A judge has ordered all Chicago-area real estate listings remain on Zillow amid an ongoing dispute that last week saw thousands of listings removed from some of the most popular real estate sites.
At the center of the dispute are a handful of listings Zillow said violated its policy. Midwest Real Estate Data (MRED) had accused Zillow of violating its licensing agreement by not allowing the listings to be displayed on its site.
“In a striking lesson in irony, Zillow has chosen not to display 43,000 MRED listings because it demands the right, and has filed a federal antitrust lawsuit to secure that right – to exclude nine listings it disfavors,” the suburban company said in a statement.
Zillow argued the rules it is accused of breaking “didn’t exist when Zillow signed its agreement” and said the listings, which involve some on a private network and others in various locations, “go against Zillow’s belief in an open and transparent housing market.”

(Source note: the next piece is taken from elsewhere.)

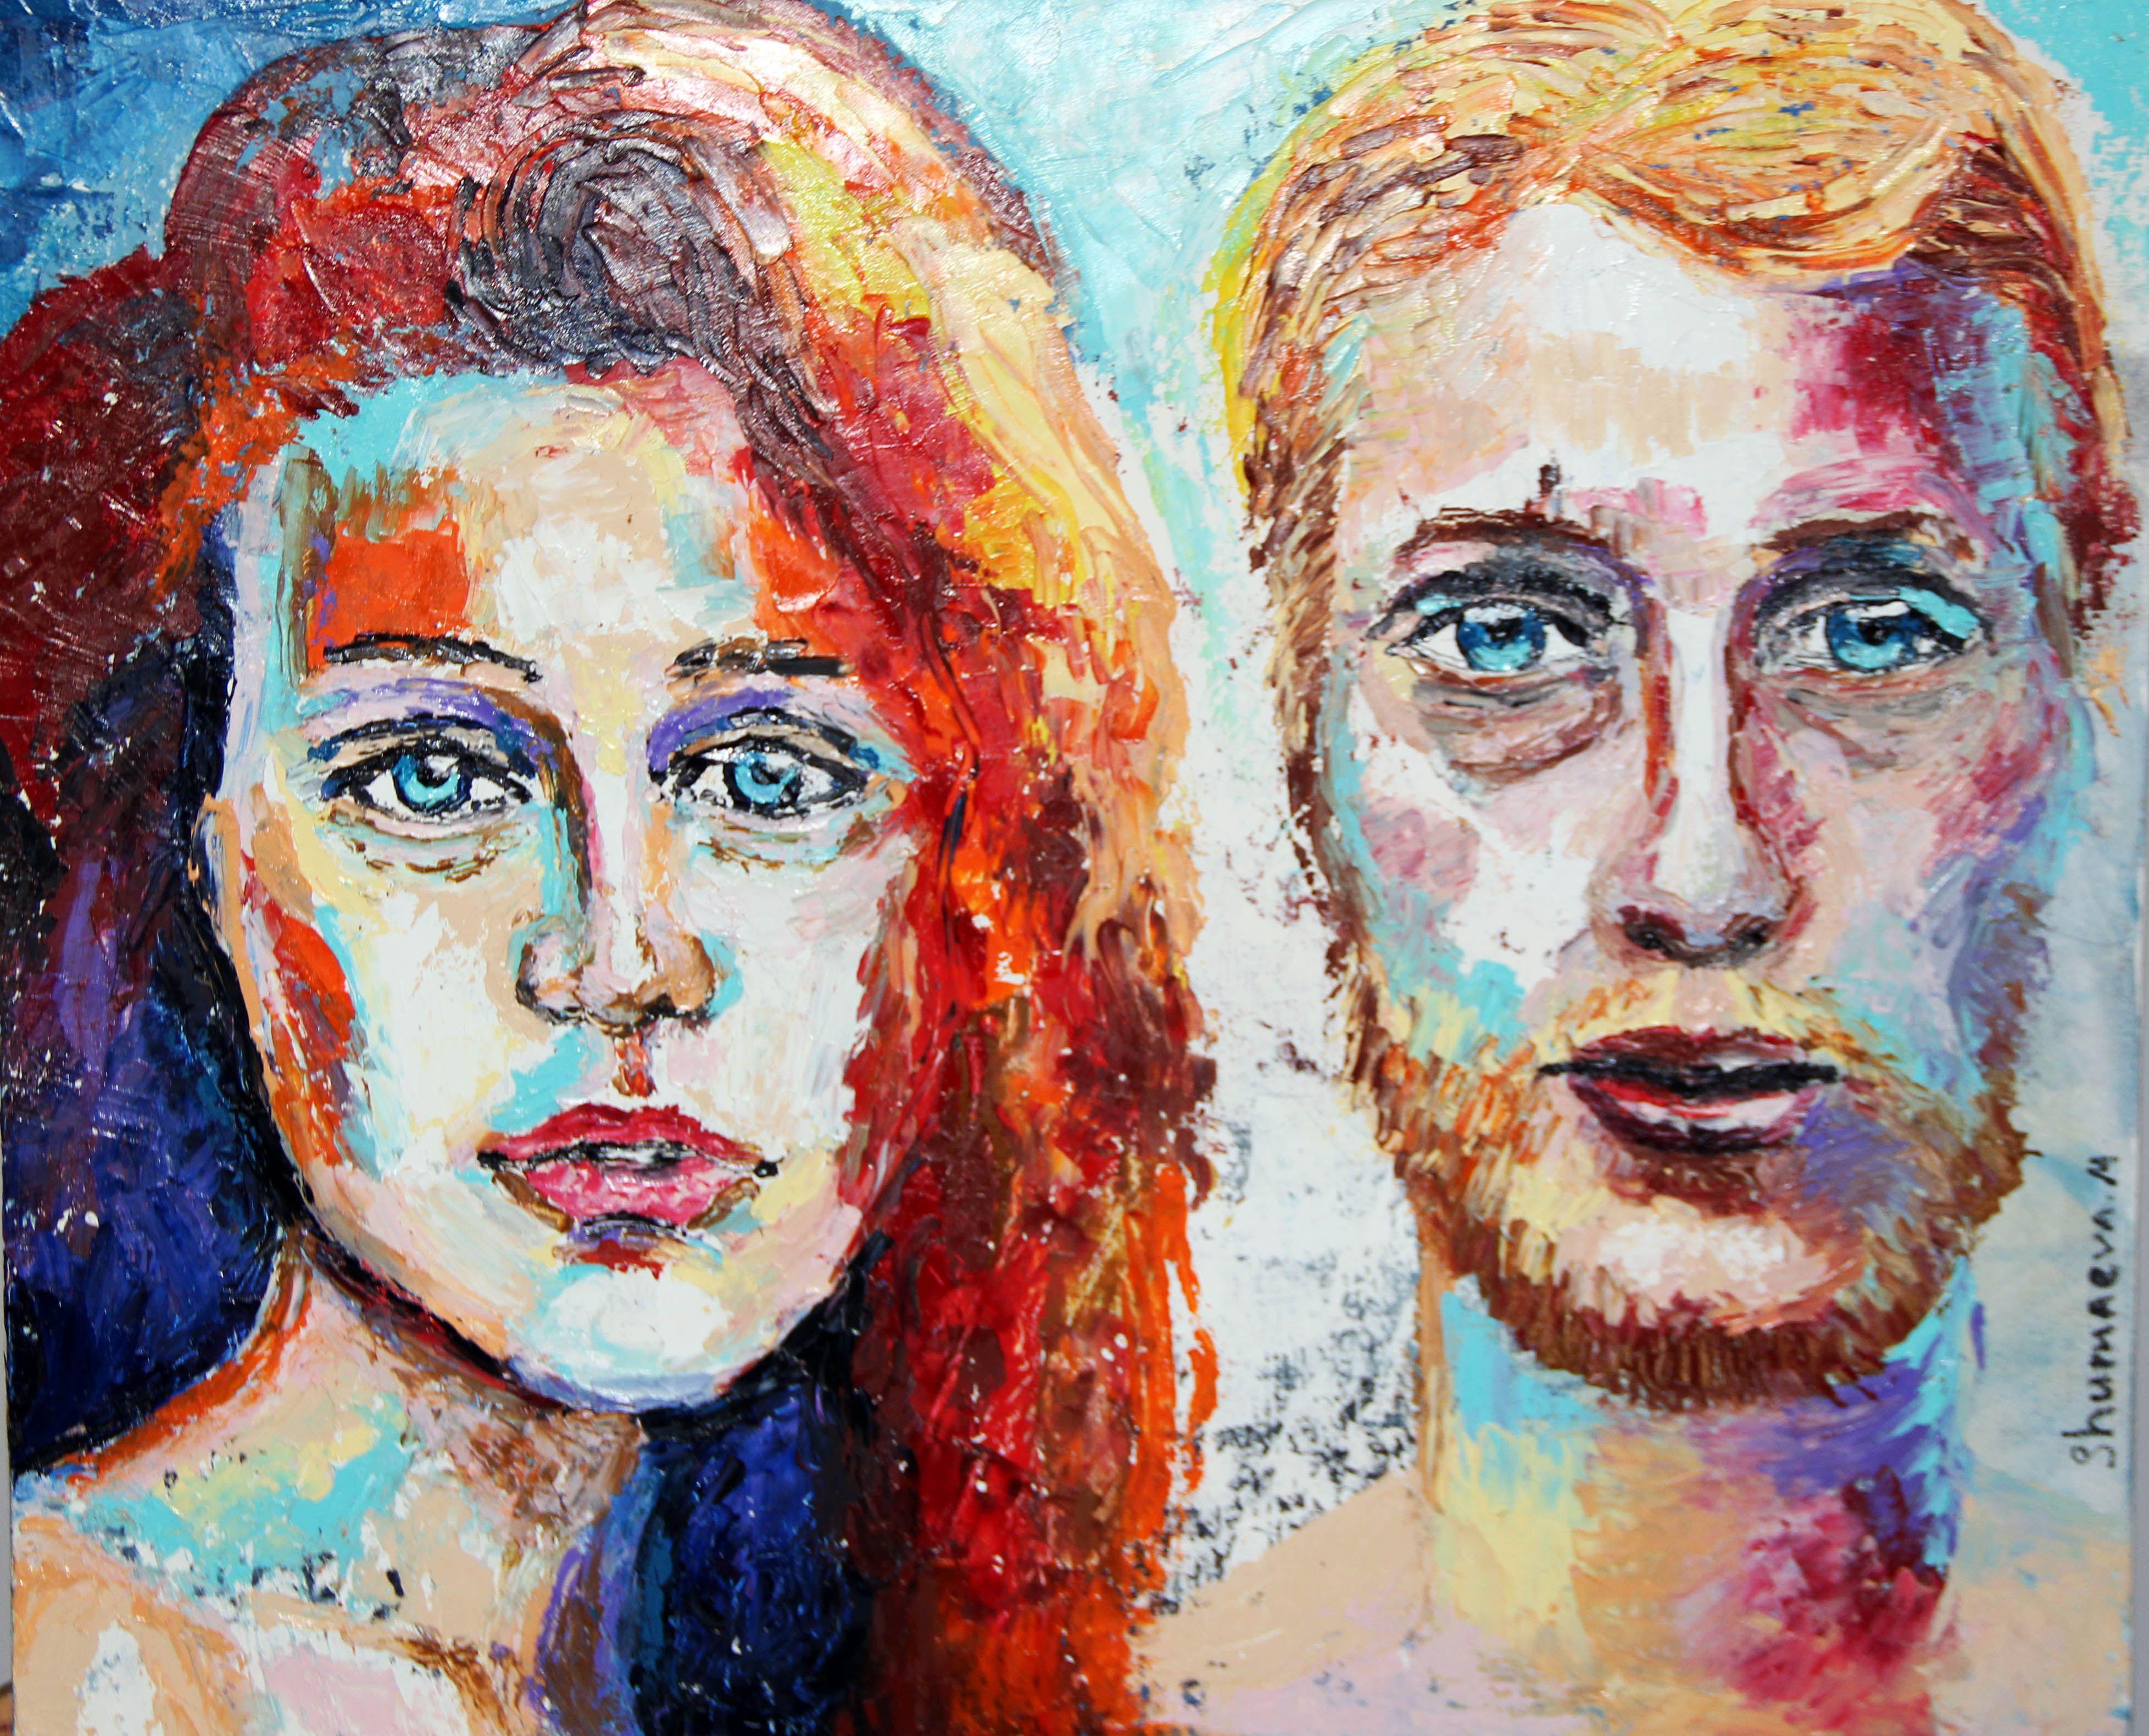 абстракция люди холст живопись портрет мастихин масло

According to the companies, a federal judge on Friday granted a temporary restraining order and ordered the “immediate restoration of Chicago-area listing data on Zillow.”
The judge also, however, required that the nine listings in question remain on the site.
“The court made clear that Zillow cannot selectively ban listings that were included in MRED’s feed as of May 21, including the nine listings Zillow chose to exclude in the first place, the very conduct that resulted in MRED suspending Zillow’s feed access,” MRED said in a statement.
“Thousands of homes temporarily hidden from the 235 million average monthly unique users who search for homes on Zillow are now visible again. And sellers who had no say in this decision no longer have to bear the cost,” Zillow said in a release on the decision, calling the move a “positive step for Chicago buyers, sellers and agents.”
MRED noted, however, that the “central issue remains unchanged.”